The Directors propose a final dividend for the year ended 31
January 2017 of 3.6 pence per share, subject to shareholder
approval at the Annual General Meeting to be held on 28 June
2017.
The Air Partner Employee Benefit Trust, which held 341,820
ordinary shares of 1p each at 31 January 2017 (2016: 159,236
ordinary shares of 5p each) representing 0.65% (2016: 1.6%) of the
Company's issued share capital is not entitled to receive
dividends.

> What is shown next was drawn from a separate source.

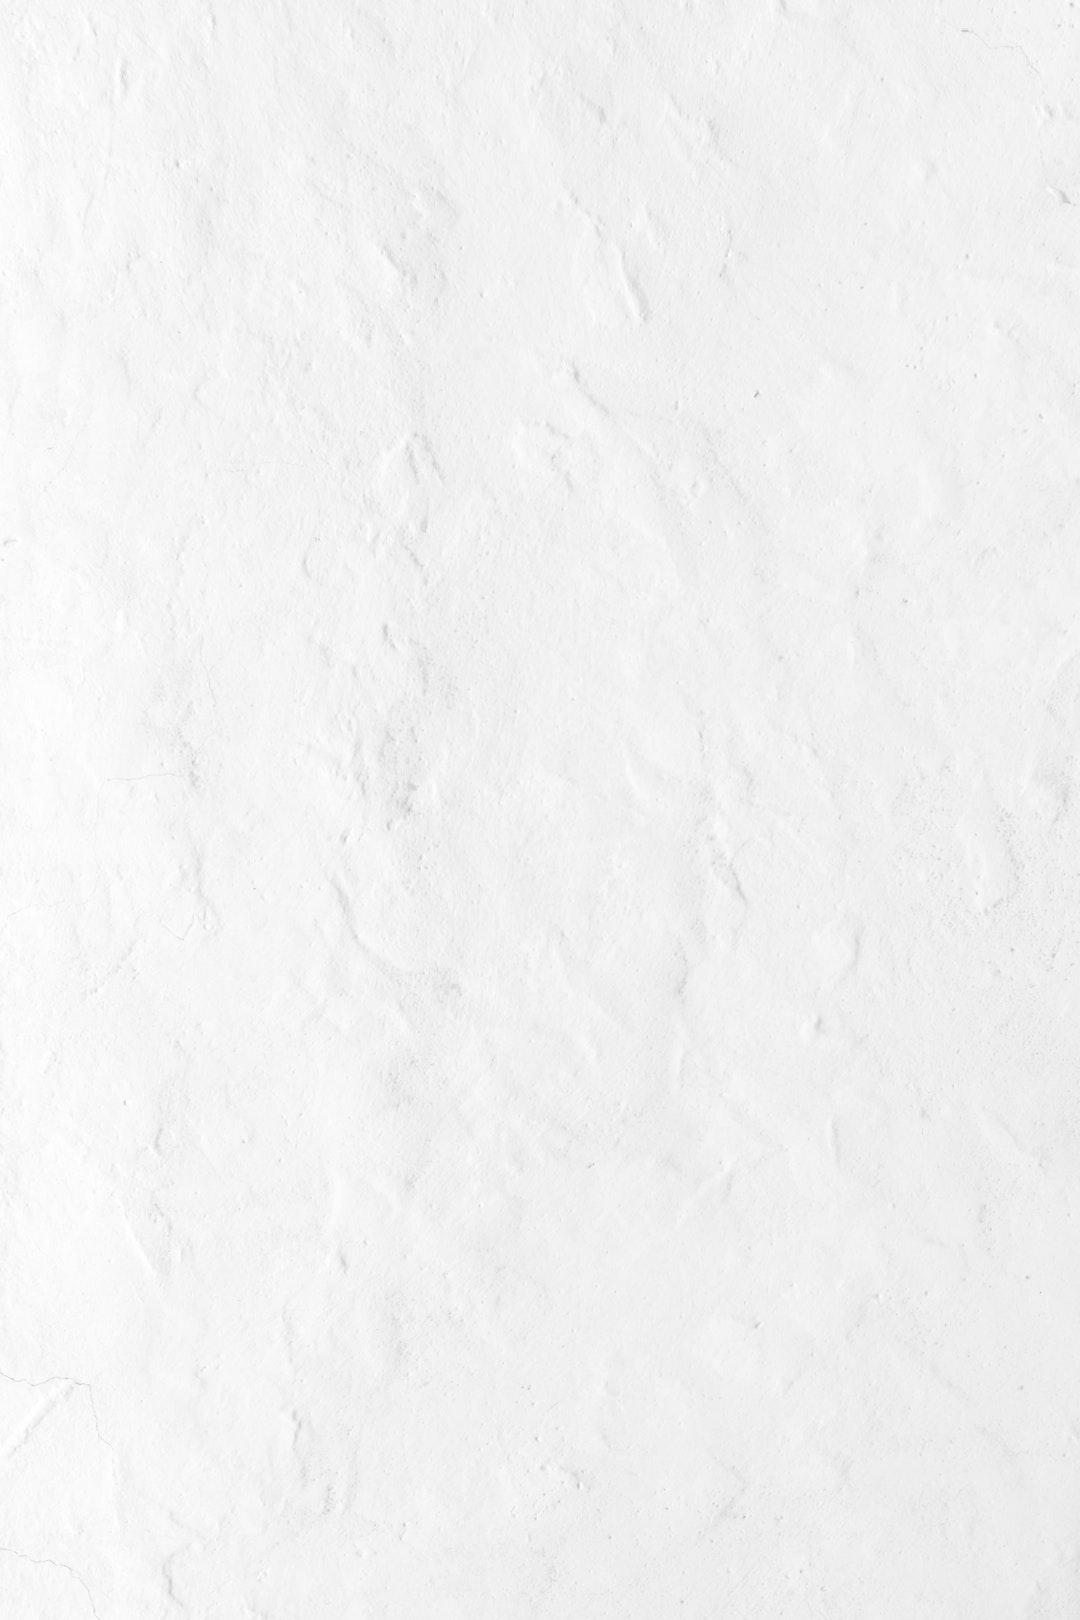 White Picture [HD]. Download Free Image

A further 413,640 ordinary shares of 1p each (2016:
100,910 ordinary shares of 5p each) shares are held by the Trust in
a nominee capacity for two (2016: two) beneficiaries of the
Trust.
5 EARNINGS PER SHARE
The calculation of the basic and diluted earnings per share is
based on the following data:
2017 2016
Continuing and discontinued operations GBP'000 GBP'000
========================================= ======== ========
Earnings for the calculation of basic
and diluted earnings per share
Profit attributable to owners of the
parent company 2,847 2,294
Adjustment to exclude other items 556 1,097
========================================= ======== ========
Underlying profit attributable to owners
of the parent company 3,403 3,391
========================================= ======== ========
Number of shares Number Number
======================================= ========== ==========
Weighted average number of ordinary
shares for the calculation of basic
earnings per share 52,361,659 50,606,225
Effect of dilutive potential ordinary
shares: share options 1,133,083 275,720
======================================= ========== ==========
Weighted average number of ordinary
shares for the calculation of diluted
earnings per share 53,494,742 50,881,945
======================================= ========== ==========
2017 2016
From continuing operations GBP'000 GBP'000
========================================= ======== ========
Earnings
Profit attributable to owners of the
parent company 2,847 2,294
Adjustment to exclude profit for the
year from discontinued operations - (387)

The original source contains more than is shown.